# A couple of recent models



## Roguepink (Sep 18, 2003)

Just finished these, both in 1:72.

F4U Corsair by Revell 
AV8B by Hasegawa


----------



## NUM11BLADE (Feb 16, 2002)

Wow, I thought they were 1/32 scale.:thumbsup:


----------



## fluke (Feb 27, 2001)

*Very nice!* :thumbsup: 

Its hard to make those 1/72 scale birds look that good!

Good work Dude!


----------



## John P (Sep 1, 1999)

_Very _nice!


----------



## tripdeer (Mar 7, 2004)

Wow, very impressive!


----------



## roadrner (Jul 21, 1999)

Always did love those Corsairs! Looks great. :thumbsup: rr


----------



## tankysgal (Jan 30, 2005)

looks really good....1/72nd..never tried that scale yet..but i really like 1/48th...What kits are these..they have good detail to be 1/72nd..Did they go together well...
Mary


----------



## Roguepink (Sep 18, 2003)

The Corsair is from Revell, built OOB, kit price was about $12. Pretty good detail, engraved panelling, some minor fit issues (canopy, guns). For $12, you can't really complain.

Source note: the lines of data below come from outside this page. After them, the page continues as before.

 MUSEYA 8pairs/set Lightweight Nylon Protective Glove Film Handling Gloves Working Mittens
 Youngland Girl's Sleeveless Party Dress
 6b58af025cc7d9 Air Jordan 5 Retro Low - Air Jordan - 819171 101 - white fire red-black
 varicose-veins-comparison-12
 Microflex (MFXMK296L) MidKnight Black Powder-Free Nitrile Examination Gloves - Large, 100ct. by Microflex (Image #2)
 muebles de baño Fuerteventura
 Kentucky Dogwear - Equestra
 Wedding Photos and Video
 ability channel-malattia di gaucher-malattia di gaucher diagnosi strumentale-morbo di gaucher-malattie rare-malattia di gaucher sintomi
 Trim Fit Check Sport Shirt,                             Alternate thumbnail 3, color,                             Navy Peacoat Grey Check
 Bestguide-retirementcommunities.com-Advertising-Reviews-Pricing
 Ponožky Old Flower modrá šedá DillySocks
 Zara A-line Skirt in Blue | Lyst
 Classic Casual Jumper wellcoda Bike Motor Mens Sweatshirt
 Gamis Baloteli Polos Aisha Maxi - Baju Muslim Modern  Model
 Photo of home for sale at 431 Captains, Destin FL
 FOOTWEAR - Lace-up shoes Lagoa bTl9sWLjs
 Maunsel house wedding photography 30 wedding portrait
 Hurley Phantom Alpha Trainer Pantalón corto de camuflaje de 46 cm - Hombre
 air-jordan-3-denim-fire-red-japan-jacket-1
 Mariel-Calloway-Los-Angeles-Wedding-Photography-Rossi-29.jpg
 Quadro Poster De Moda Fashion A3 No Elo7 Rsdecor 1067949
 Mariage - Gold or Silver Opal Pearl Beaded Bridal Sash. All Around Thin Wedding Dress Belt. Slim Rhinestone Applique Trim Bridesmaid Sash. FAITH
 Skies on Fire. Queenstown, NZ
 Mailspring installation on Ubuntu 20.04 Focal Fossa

The AV8B is from Hasegawa, about $25. Much better for fit and detail. I like the poseable jet vents, held in by rubber grommits. The canopy break-out section is etched in the clear part, but also done with a decal. My big complaint is the thickness of the plastic led to the jet exhausts being unrealistic. The fore jets are closed off, and painted with flat black to give the apperance of being open. Had I chosen to spend a lot of time on this one, I would have opened them up and thinned out the walls of the rear jets.


----------